There will be no need for temperature regulation, since the temperature in the container will be that of the seawater/brine water, and determined by the exchange rate with the surrounding water/replacement water. This will ensure a stable container temperature and consequently the energy costs for temperature control are expected to be low. The weather dependence will not be significant, since the use of the membrane can protect the algae culture from rain and also regulate the light intensity if this is required.

The simple design of the container will mean that the needs for process control will be minimal. Mixing of the algal biomass will be ensured by tidal and wave movement in combination with CC^/NC water introduction and release into the container. The harvesting and supply of nutrients through the second tube can be computer controlled with parameter settings depending on the type of algae and their needs.

The size (length and width) is flexible and will depend on production needs and location on the coast.
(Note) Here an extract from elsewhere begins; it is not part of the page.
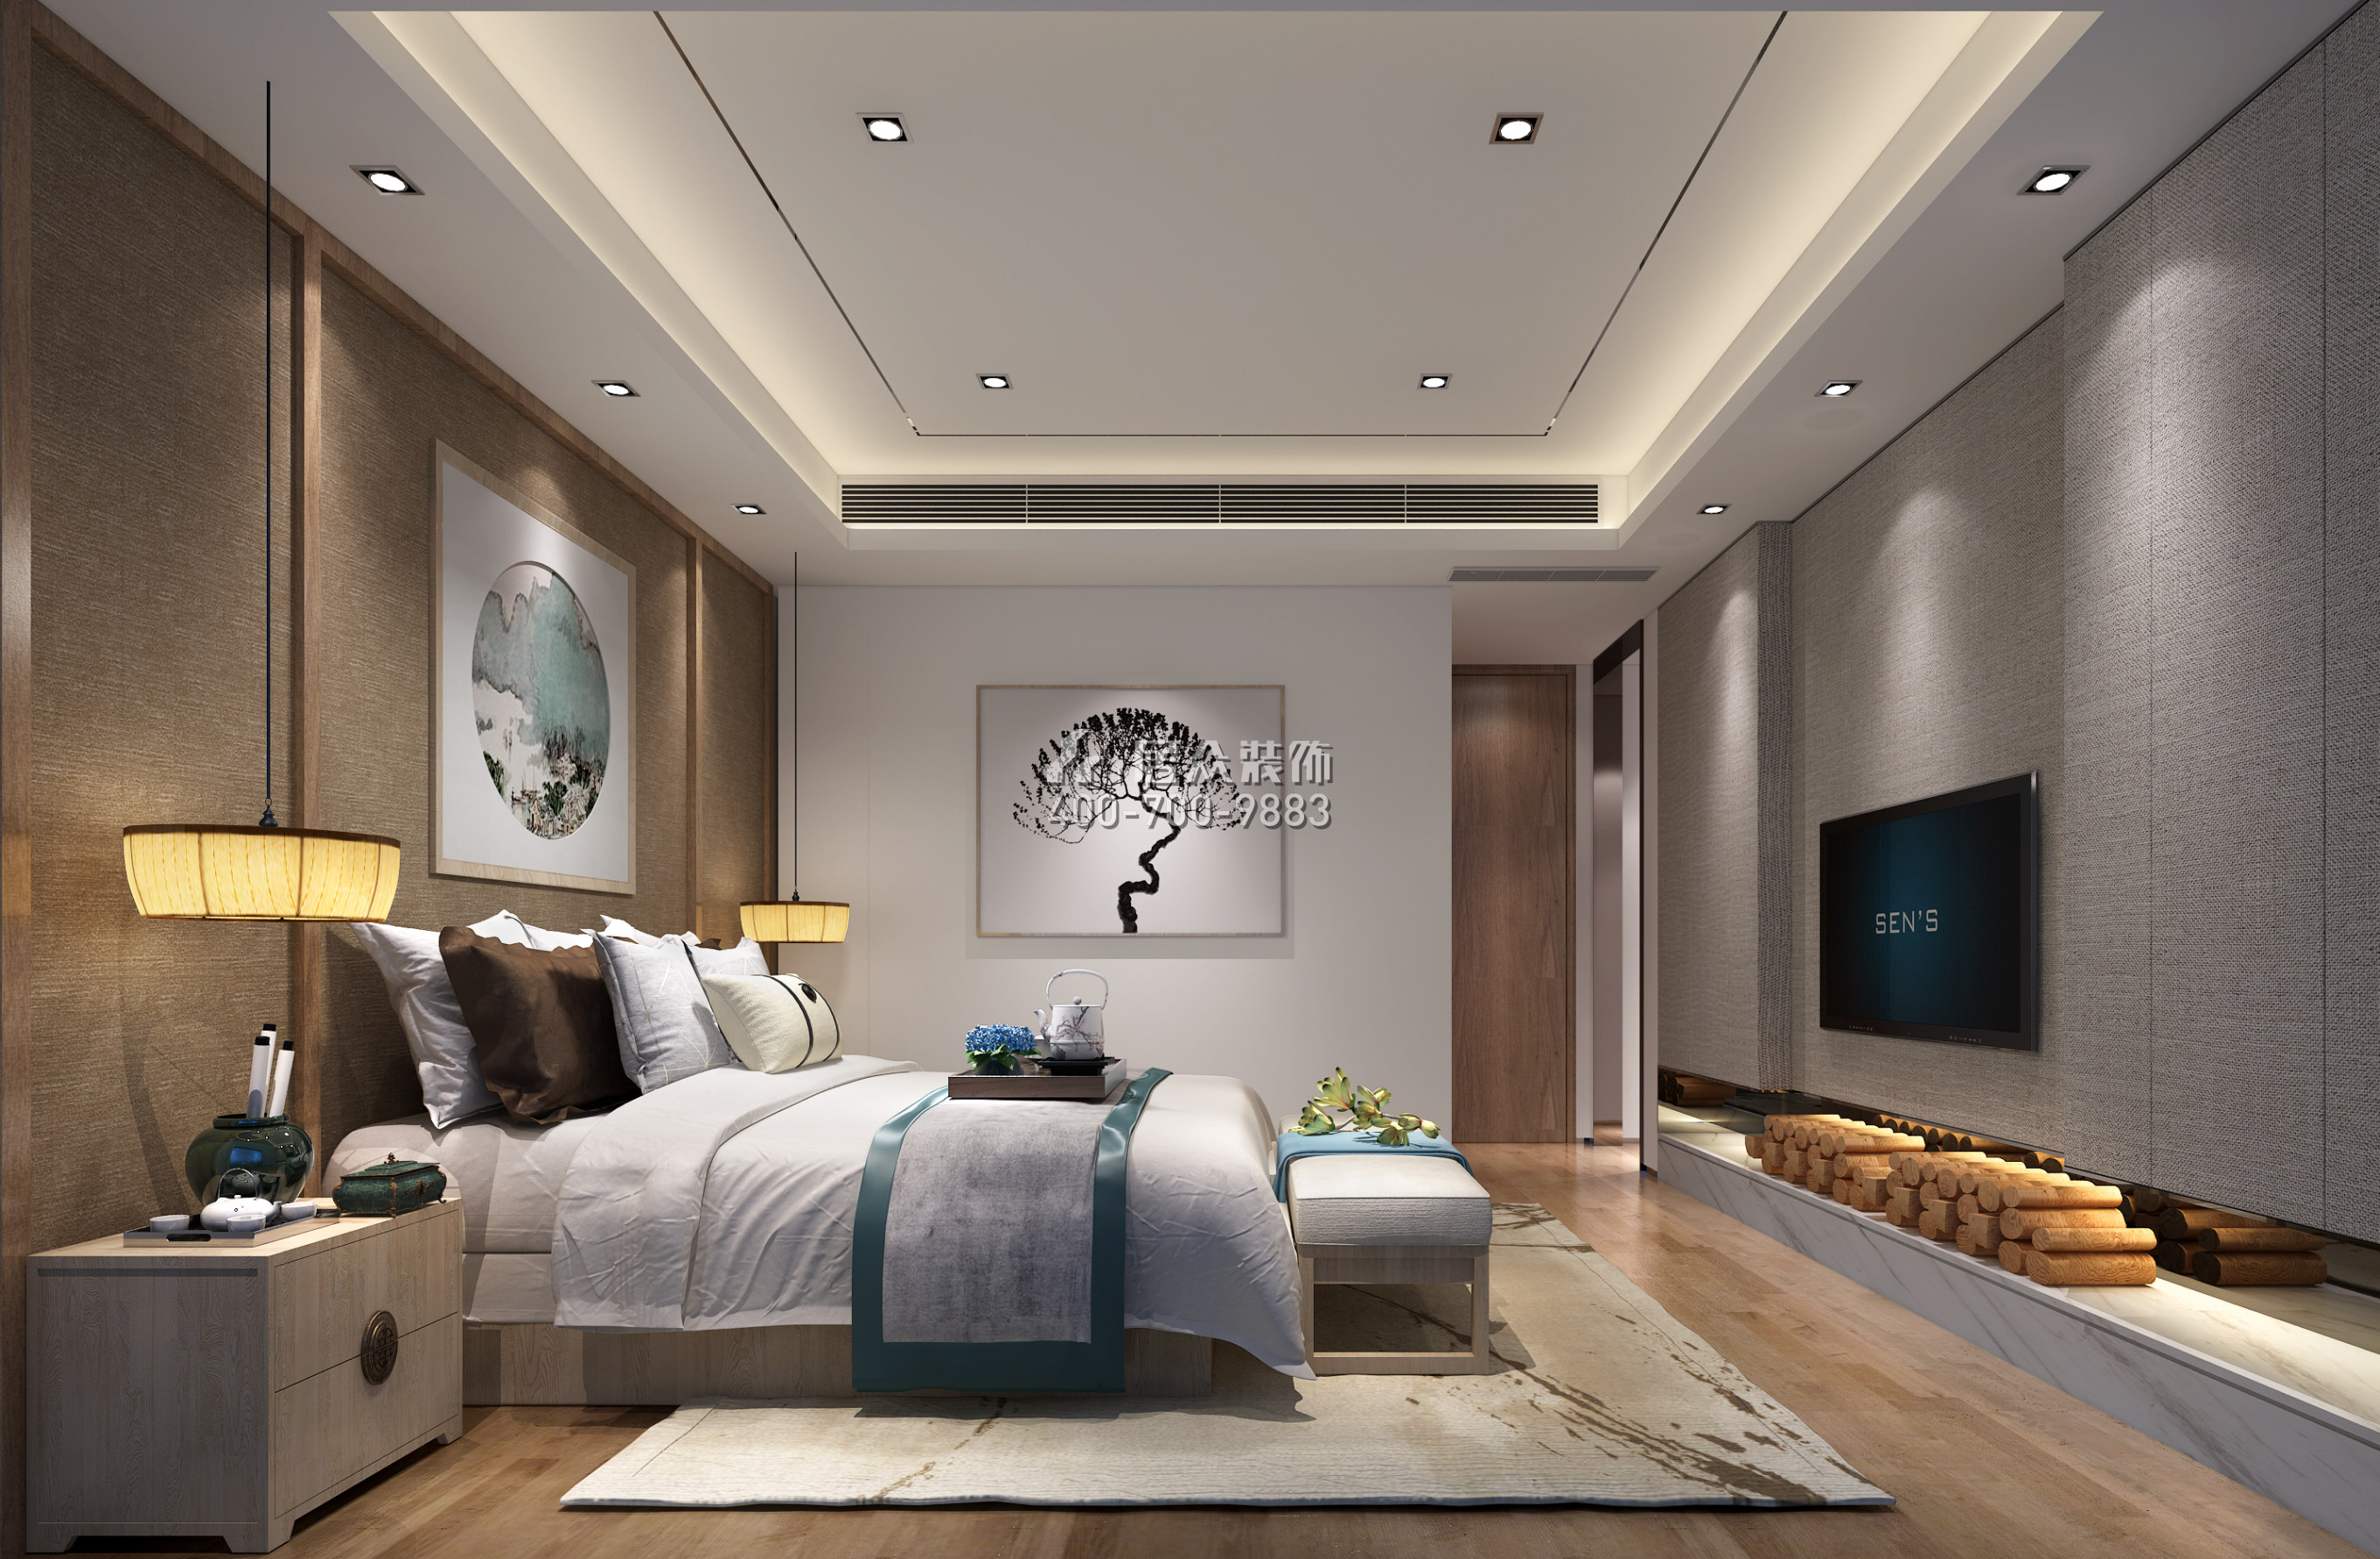 九號公館220平方米現代簡約風格復式戶型臥室裝修效果圖

Typically, a single floating algae container system will be 50 meters long and 10 meters wide. Several individual floating containers can then be linked together to form a floating production farm of containers.
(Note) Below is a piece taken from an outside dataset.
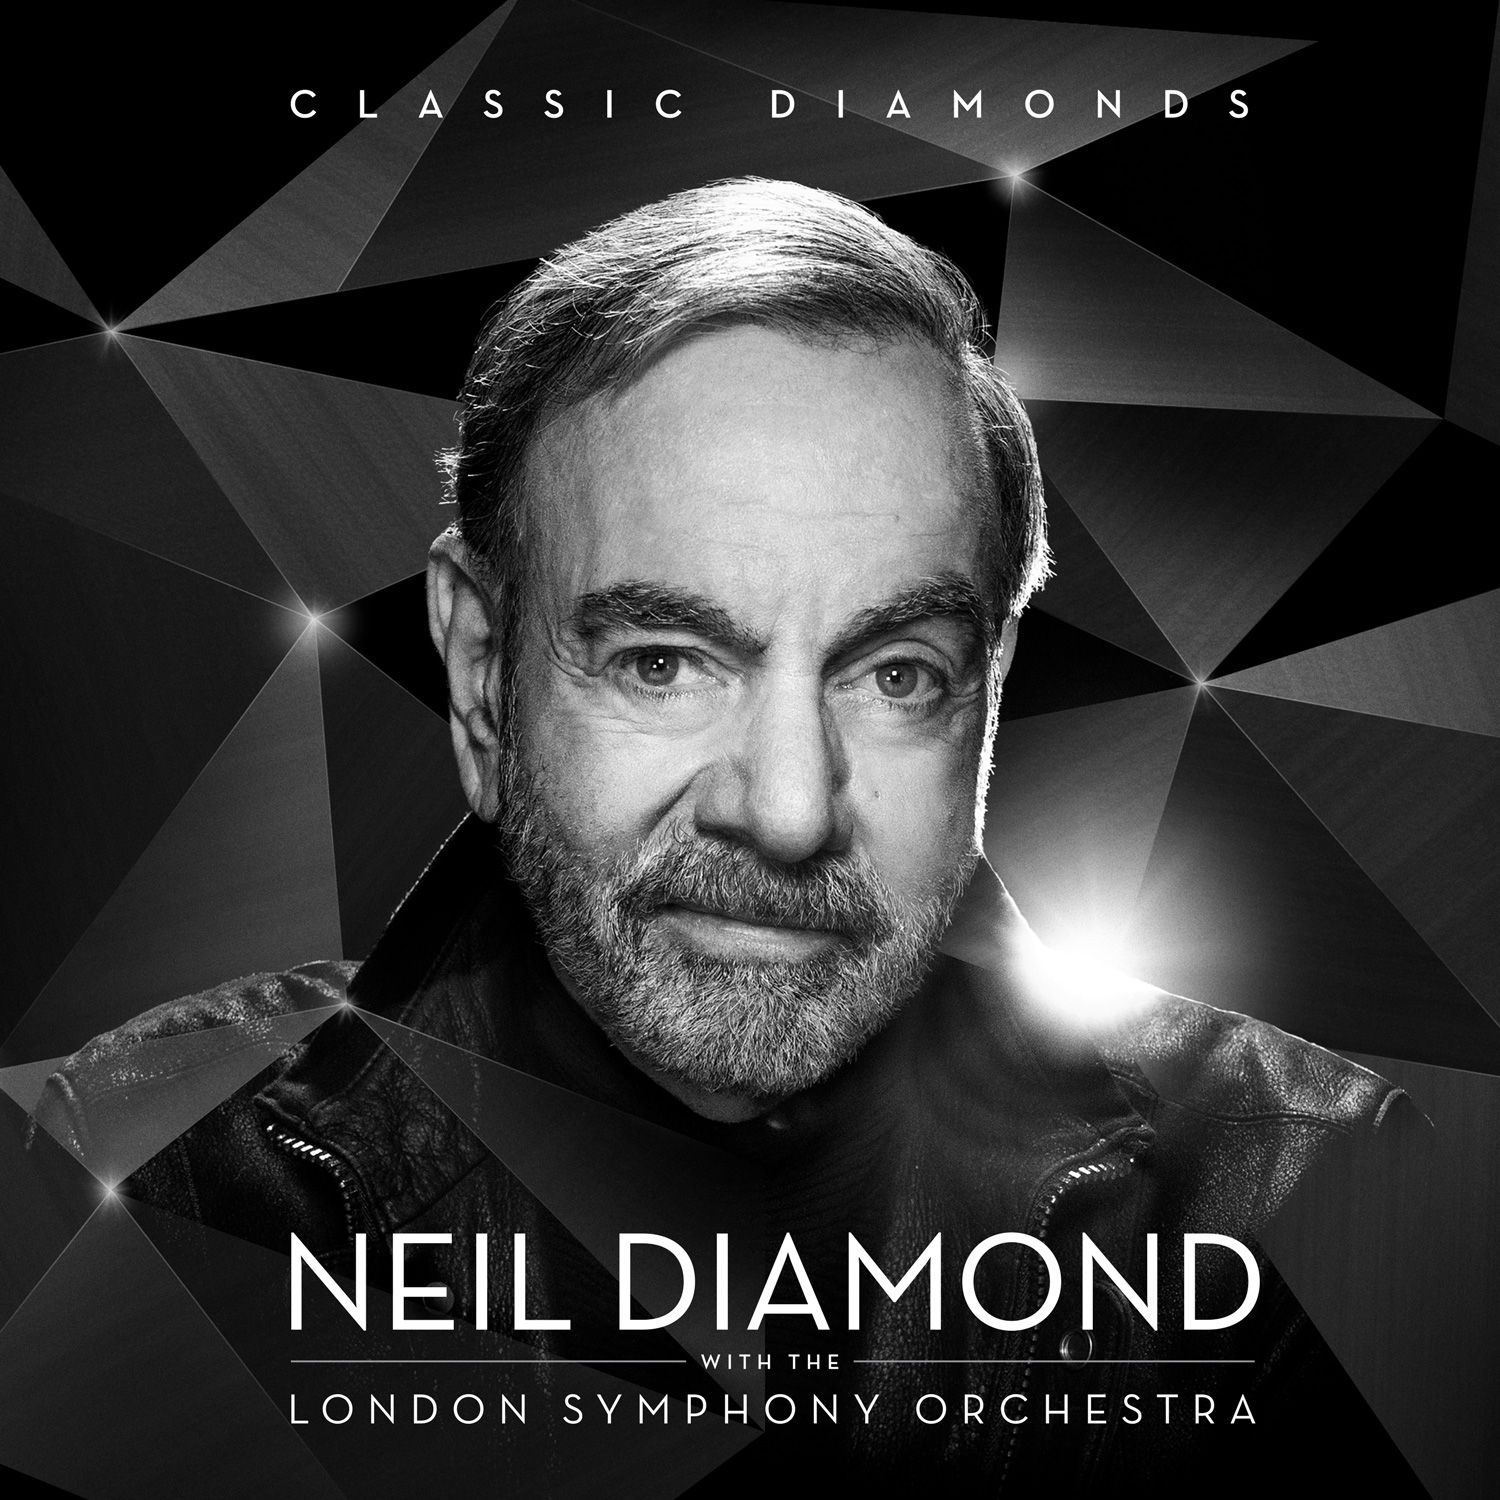 This is Neil Diamond Neil Diamond

The capital and operating costs will be significantly lower compared to land-based open ponds (water channels) or photobioreactors (PBR), This is due to the use of cheap materials in all phases of the production of the liquid container and the reduced need from oxygen removal, pH control, cooling, cleaning etc. during operation.

Claims (11)

1. Apparatus for growing algae, characterized in that the apparatus comprises at least two elongated, parallel arranged floating elements, a flexible bottom membrane and two end pieces connected to the respective ends of the floating elements and the bottom membrane, thereby forming an elongated container, a first tube with openings for the supply of C02 gas arranged inside said container parallel to the floating elements and a second pipe which has one or more inlets/outlets for supplying water and nutrients or for harvesting algae, where the second pipe is arranged inside the container parallel to the floating elements. 2. Apparatus for growing algae according to claim 1, characterized in that the apparatus further comprises one or more rigid, stabilizing elements connected to the floating elements. 3. Apparatus for growing algae according to claim 2, characterized in that the apparatus further comprises one or more additional floating elements connected to the stabilizing element(s). 4. Apparatus for growing algae according to claim 3, characterized in that the said one or more floating elements are also connected to the first and second pipes. 5. Apparatus for growing algae according to claim 1, characterized in that the first pipe further comprises one or more branches for supplying the gas. 6. Apparatus for growing algae according to claim 1 or 5, characterized in that the first pipe is further used to supply NOx gas. 7. Apparatus for growing algae according to claim 1, characterized in that the second pipe further comprises one or more valves for controlled opening and closing of the inlets/outlets. 8. Apparatus for growing algae according to claim 1, characterized in that the apparatus further comprises at least one reversible retractable cover membrane for controlled covering of the top of the container. 9. Apparatus for growing algae according to claim 8, characterized in that the apparatus further comprises devices for extracting and retracting the covering membrane. 10. Apparatus for cultivating algae according to any one of the preceding claims, characterized in that the apparatus is connected to one or more additional apparatuses for cultivating algae to form a cluster of cultivation containers. 11. Use of an apparatus according to any one of claims 1-10 for growing algae in, or near, their natural habitat.